174 adult women from 9 institutions across the UK were included. Median patient age at ABE initiation was 65.2 years. The majority (90%) had an ABE starting dose of 150mg twice daily. ABE was 1st, 2nd, 3rd, 4th, or 5th+ line treatment for 45.4%, 26.4%, 12.6%, 6.9% and 8.6% of patients, respectively. Hormone therapies given in combination with ABE were fulvestrant (81%) and aromatase inhibitors (AIs; letrozole or anastrozole [19%]). Best tumor response (136 patients); 0.7% had complete response, 27.9% had partial response, 59.6% had stable disease and 11.8% had disease progressed. Median PFS was 21.9 months across all patients (95% CI 19.4 months–not reached), with 1-year PFS rate of 81.1% (1st line), 68.2% (2nd line) and 58.2% (3rd line).

Conclusions

ABE, used in different treatment lines (including later lines in more heavily pretreated patients (≥3rd line)) in combination with fulvestrant or AIs, was associated with a median PFS of 21.9 months in a UK real-world setting. These data are comparable to those from clinical trials supporting the benefit of ABE in patients with HR+, HER2- ABC/MBC.

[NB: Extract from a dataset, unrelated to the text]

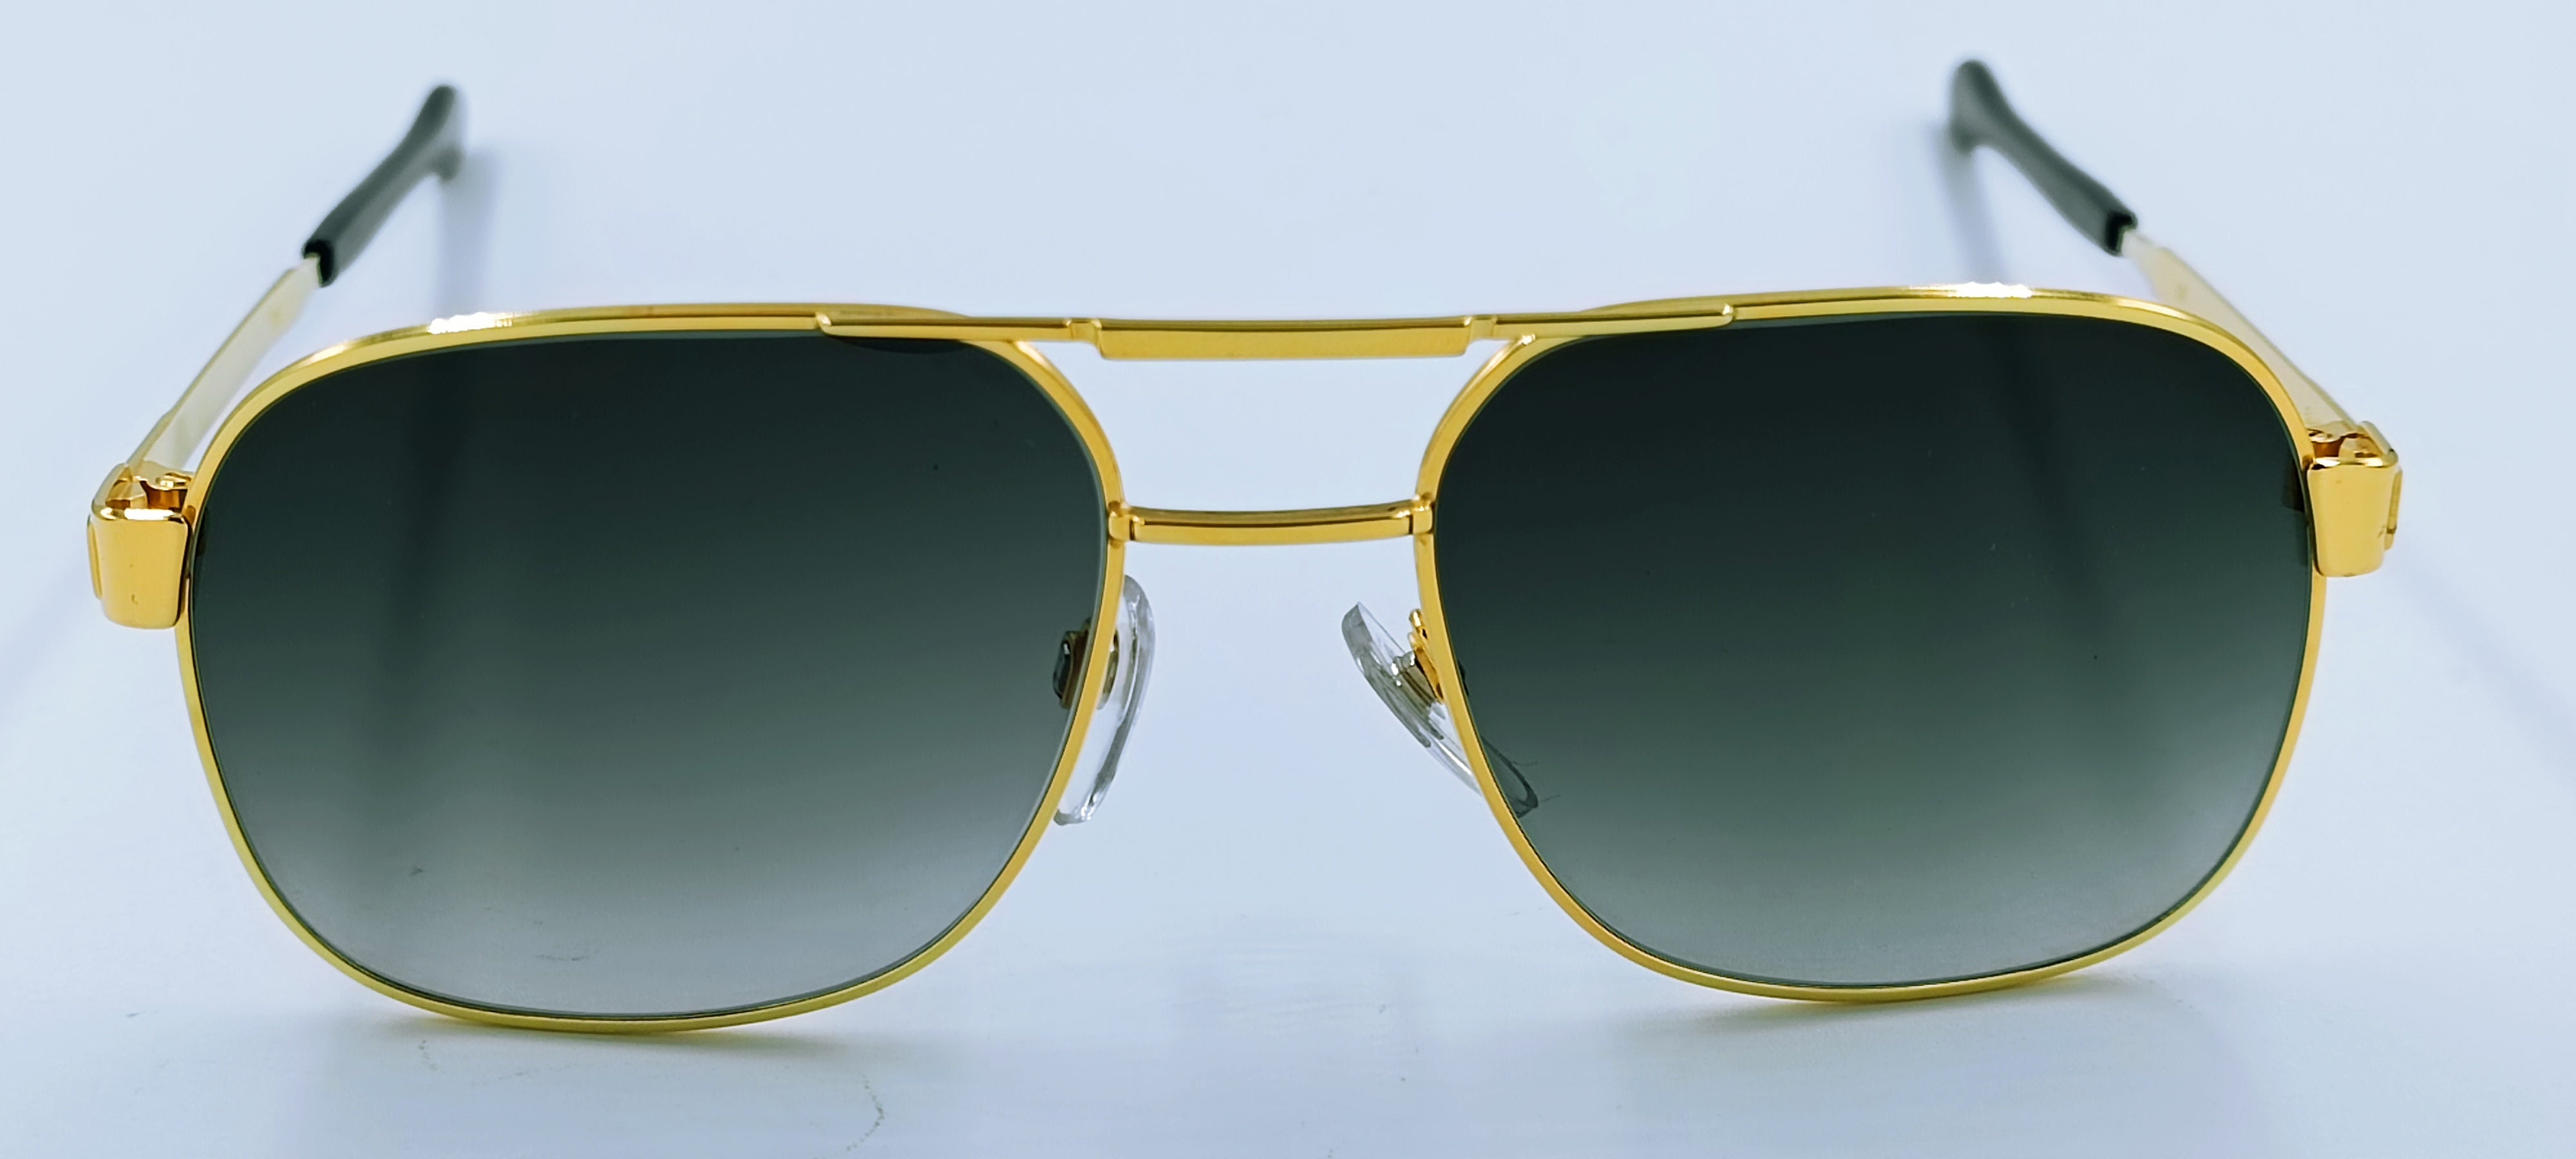 Hilton Exclusive 21 Gold Plated 24kt - Funkykhalou-shop.com Rare Vintage  Sunglasses Lunettes

Clinical trial identification

IRAS Project ID: 292980.

Protocol Number: 2019-8661.

REC Reference: 21/YH/0061.

CPMS ID 47932 HRA approval granted on 11 March 2021.

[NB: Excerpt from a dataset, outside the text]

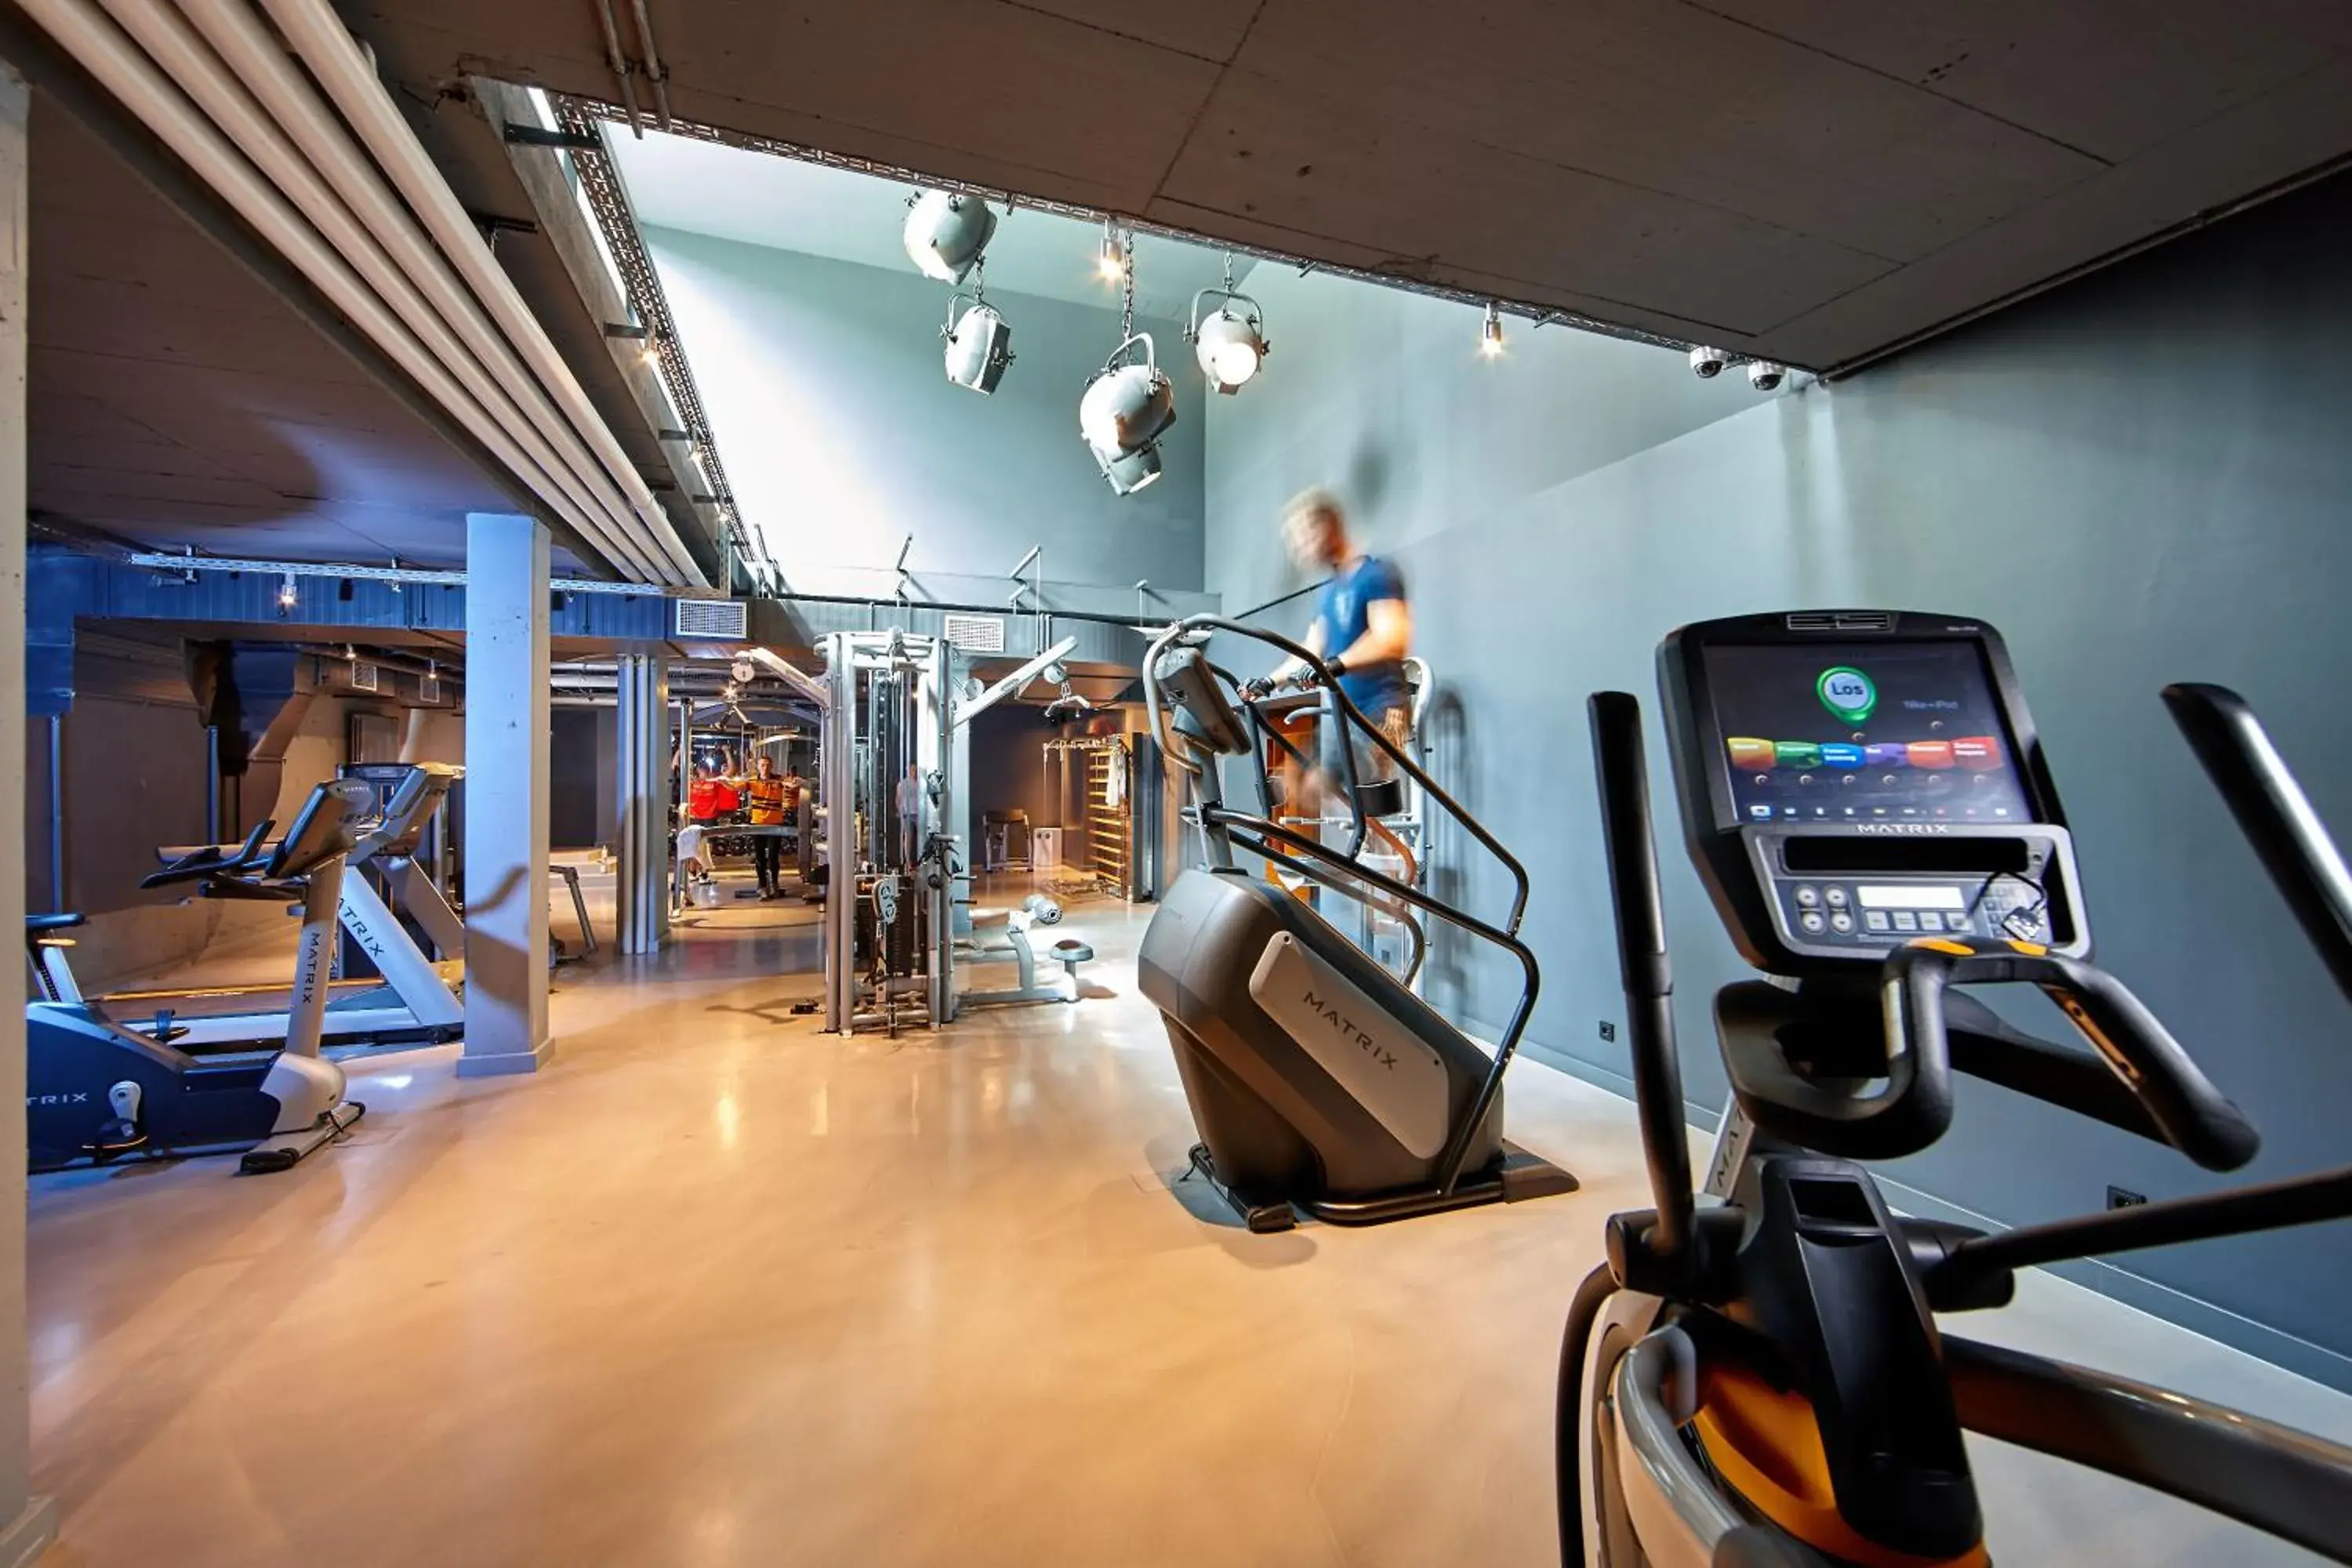 Fitness centre/facilities, Fitness Center/Facilities in Hotel Königshof

Legal entity responsible for the study

Eli Lilly and Company Ltd. Indianapolis, IN, USA.

Funding

Eli Lilly and Company Ltd.

Disclosure

J.W. King: Non-Financial Interests, Personal, Advisory Board: Roche, Eli Lilly and Company, Novartis, Bristol Myers Squibb, Exact Science, Prosigna, Gilead, Eisai, AstraZeneca, Seagen; Non-Financial Interests, Personal, Invited Speaker: Roche, Eli Lilly and Company, Novartis, Bristol Myers Squibb, Prosigna, AstraZeneca, Seagen. W. Fakhouri: Non-Financial Interests, Institutional, Full or part-time Employment, Employee and shareholder of Eli Lilly and Company: Eli Lilly and Company; Financial Interests, Personal and Institutional, Stocks/Shares, Employee and shareholder of Eli Lilly and Company: Eli Lilly and Company. R.S. Jarvis: Non-Financial Interests, Institutional, Full or part-time Employment, Employee and shareholder of Eli Lilly and Company: Eli Lilly and Company; Financial Interests, Personal and Institutional, Stocks/Shares, Employee and shareholder of Eli Lilly and Company: Eli Lilly and Company. W. Badreldin: Non-Financial Interests, Institutional, Full or part-time Employment, Employee and shareholder of Eli Lilly and Company: Eli Lilly and Company; Financial Interests, Personal and Institutional, Stocks/Shares, Employee and shareholder of Eli Lilly and Company: Eli Lilly and Company. G. Harper: Non-Financial Interests, Institutional, Sponsor/Funding, Employed by Adelphi Real World, who received funding from Eli Lilly and Company to complete study: Eli Lilly and Company. L. Bateman: Non-Financial Interests, Institutional, Sponsor/Funding, Employed by Adelphi Real World, who received funding from Eli Lilly and Company to complete study: Eli Lilly and Company. C. Palmieri: Financial Interests, Institutional, Research Grant: Pfizer, Daiichi Sankyo, Seagen, Gilead, Exact Science; Non-Financial Interests, Personal and Institutional, Advisory Board: Pfizer, Roche, Daiichi Sankyo, Seagen, Gilead, Exact Science, Eli Lilly and Company, Novartis; Non-Financial Interests, Personal and Institutional, Other, Support for travel and conferences: Roche, Novartis, Gilead. M. Nathan: Financial Interests, Personal and Institutional, Invited Speaker: Roche, Seagen, AstraZeneca, Eli Lilly and Company; Financial Interests, Personal, Invited Speaker: Novartis, Pfizer; Financial Interests, Institutional, Invited Speaker: Merck Sharp and Dohme.